**Problem description:** The required output is the stretch from the line containing "Comedy with Sarkasmo: Brian Regan" through the line containing "Agriturismo Sant'Agata in Toscane" in the records below, unaltered and with no pictures.

**Data excerpts:**
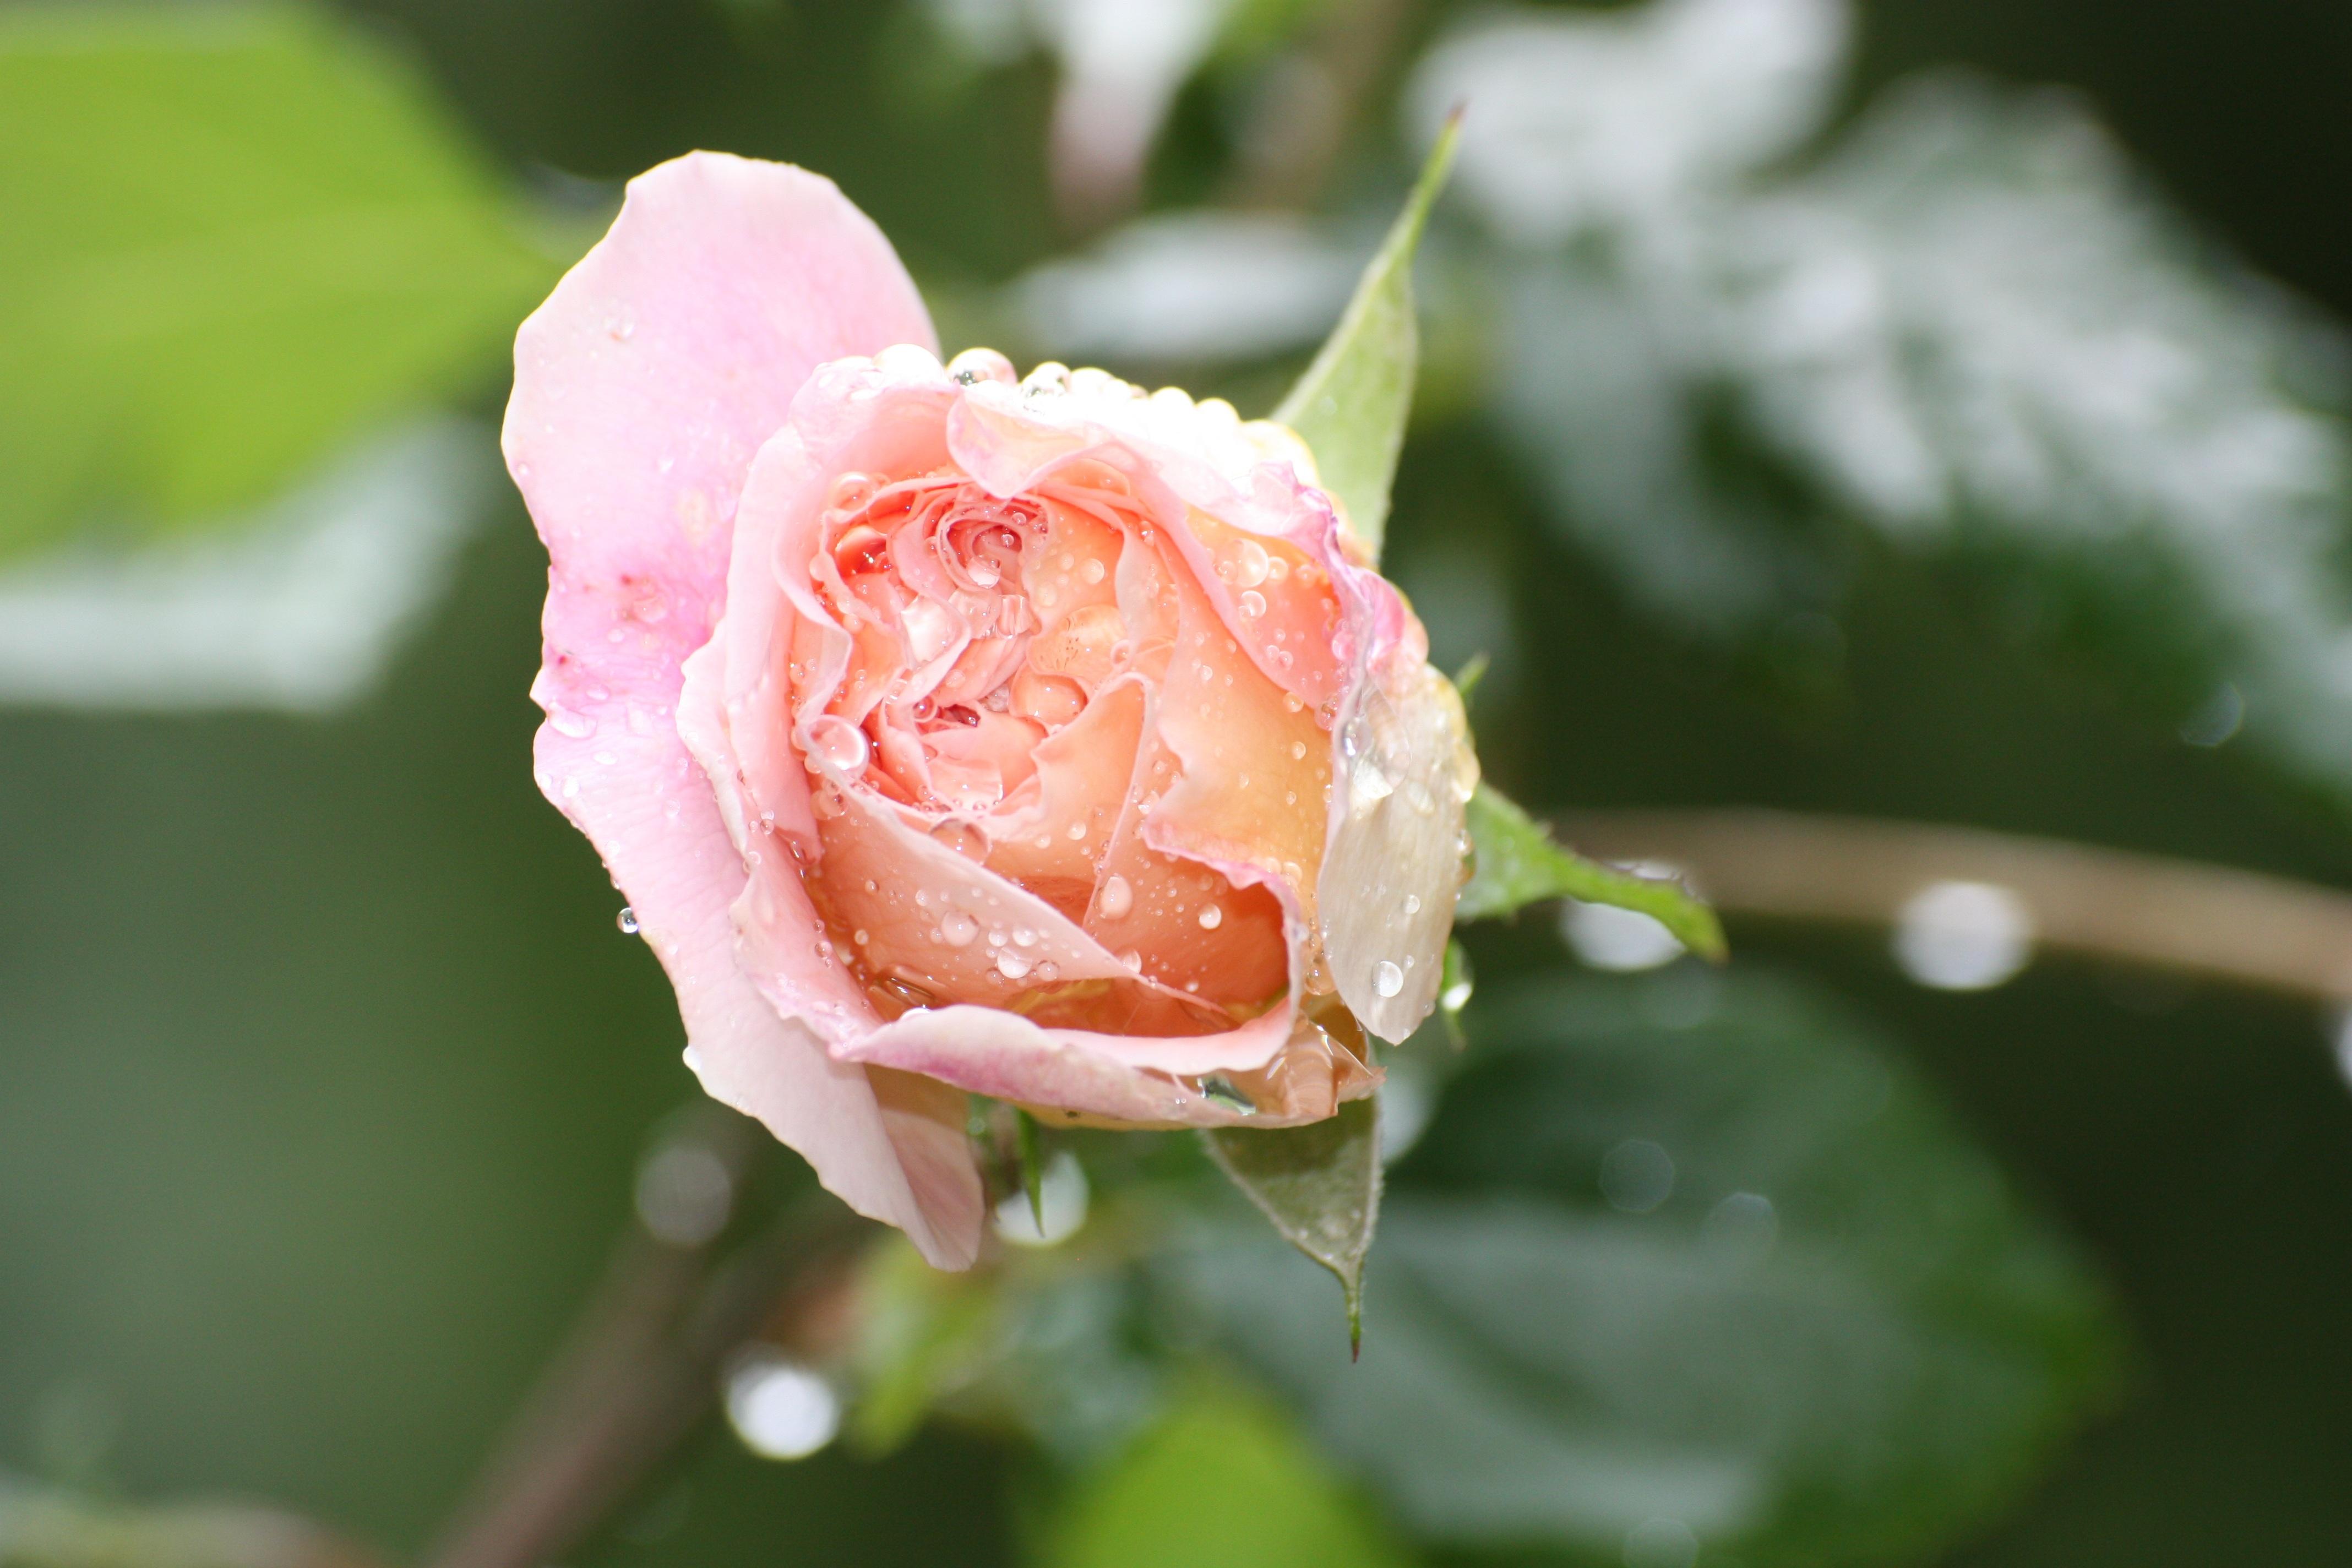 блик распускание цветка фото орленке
* * *
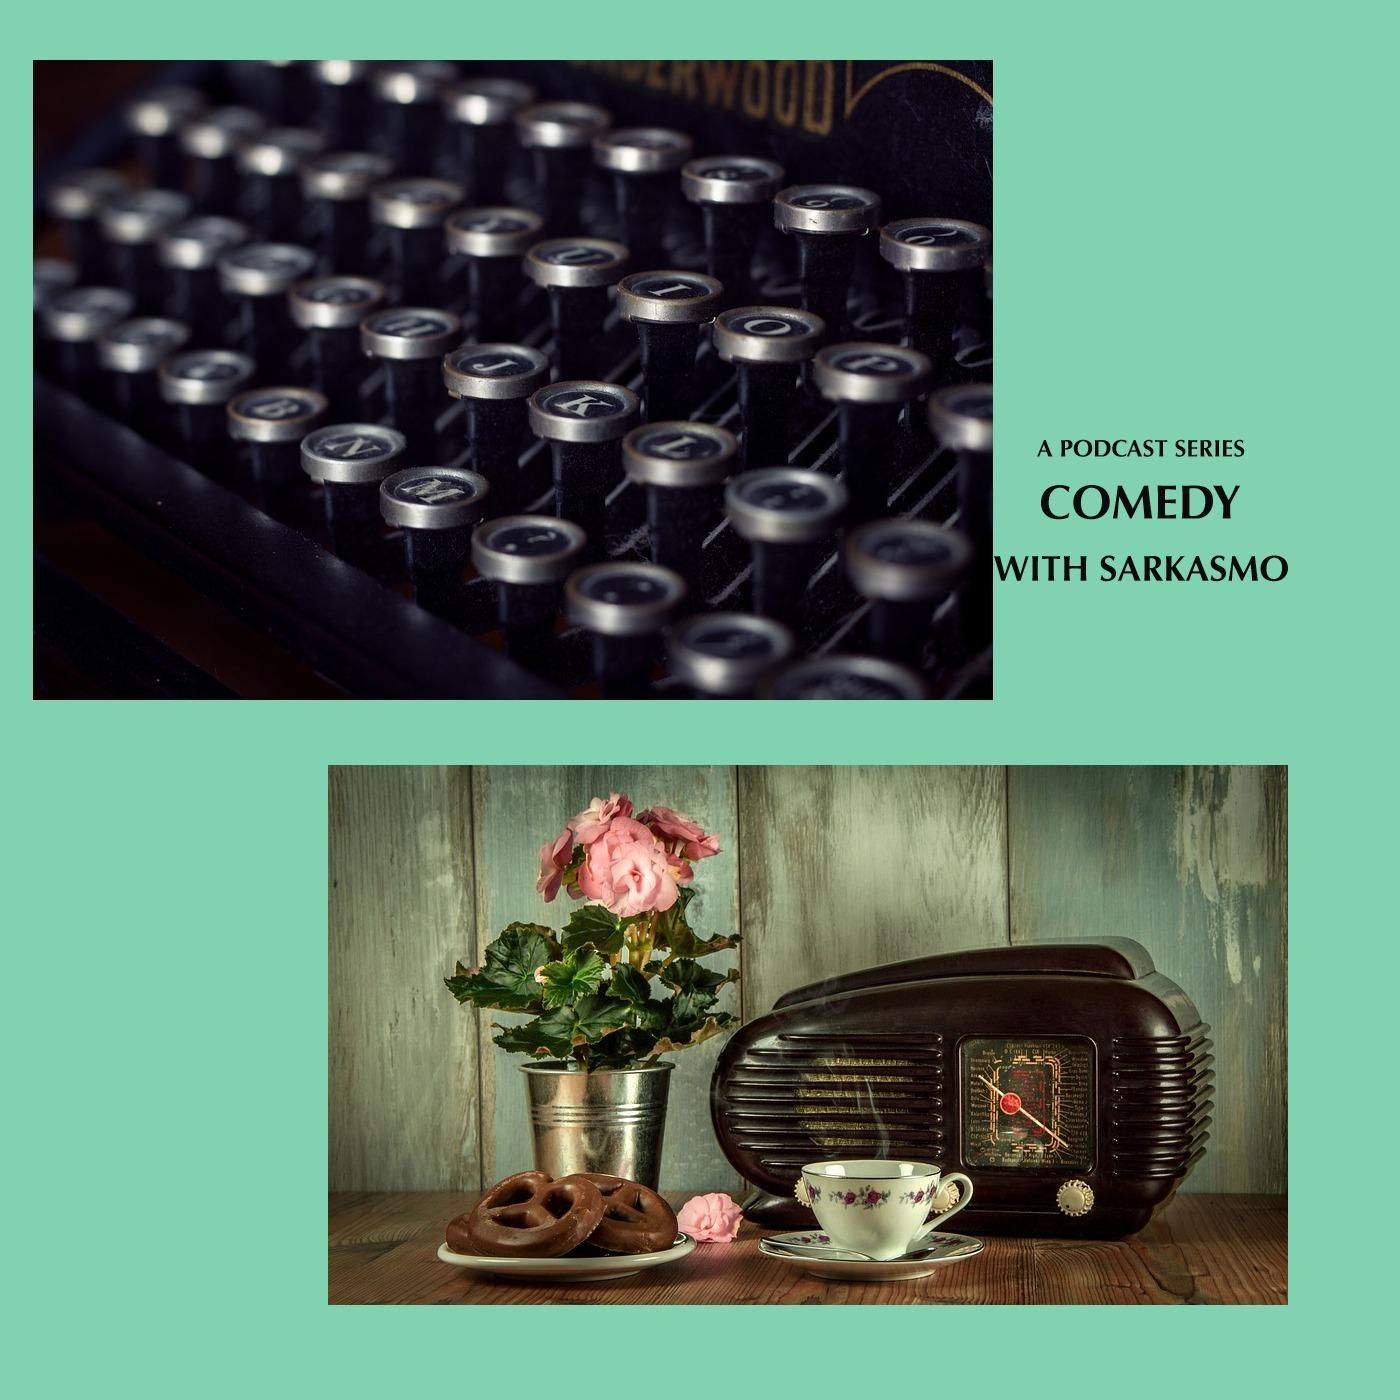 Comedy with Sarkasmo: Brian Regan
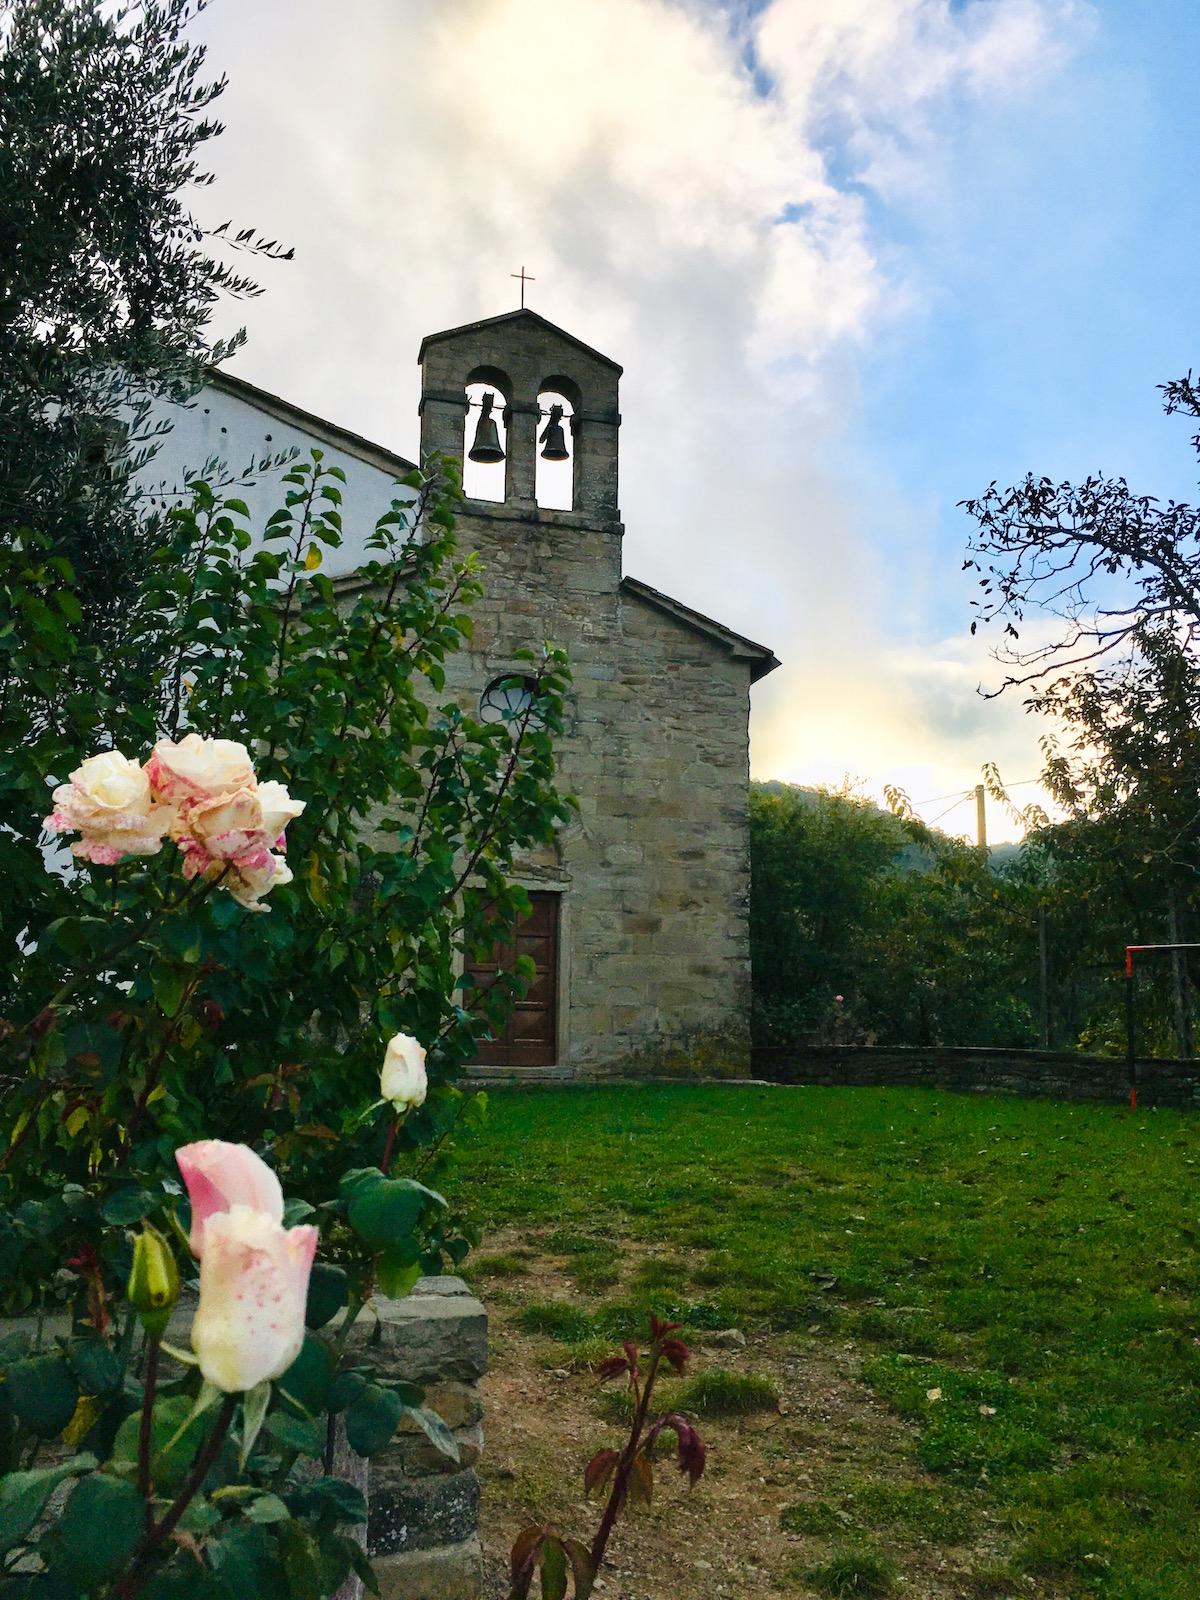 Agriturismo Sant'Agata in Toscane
* * *
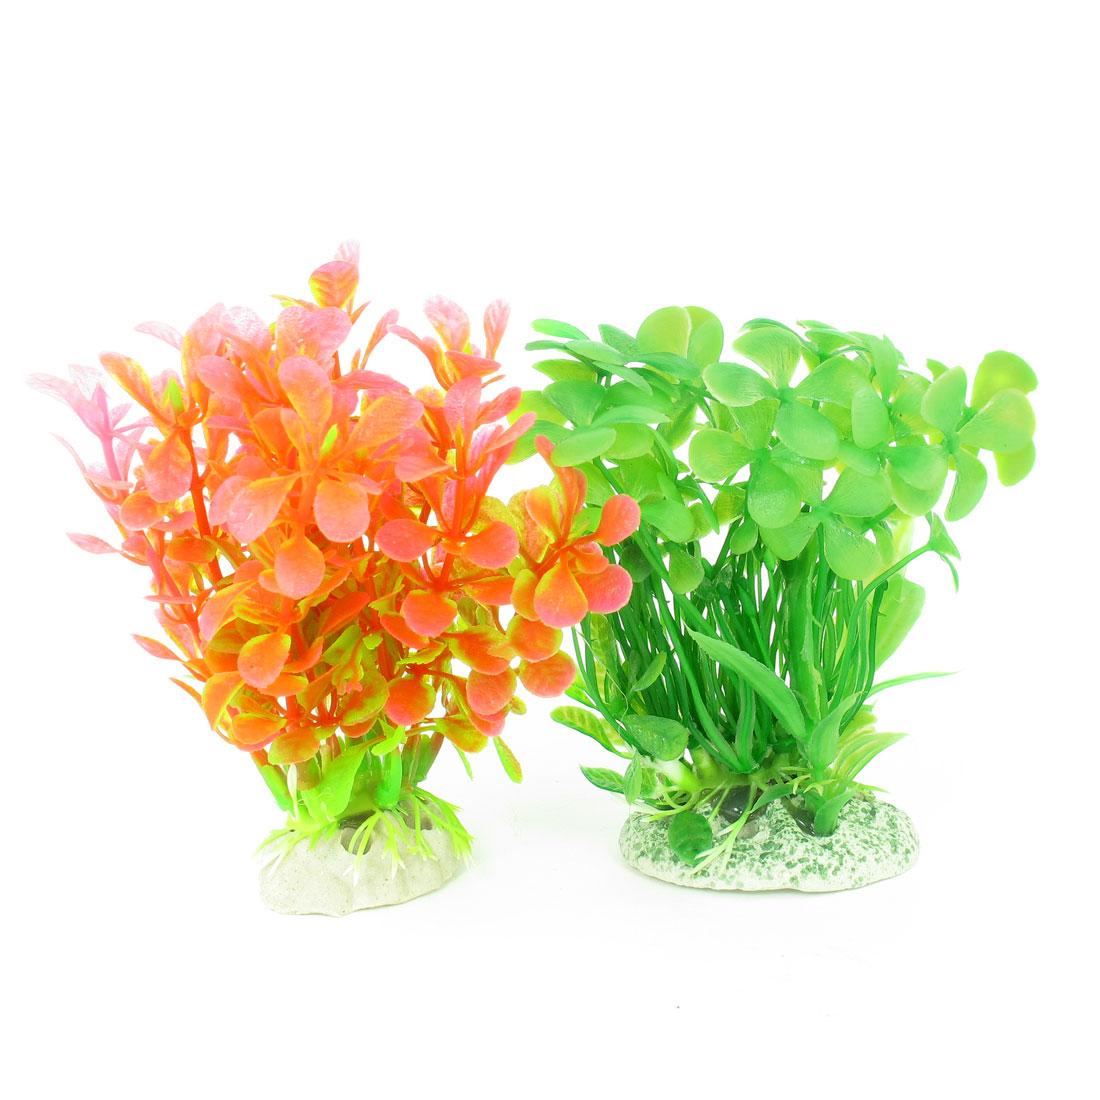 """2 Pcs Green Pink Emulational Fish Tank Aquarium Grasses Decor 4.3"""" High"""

**Response for this exercise:**
 Comedy with Sarkasmo: Brian Regan
 Agriturismo Sant'Agata in Toscane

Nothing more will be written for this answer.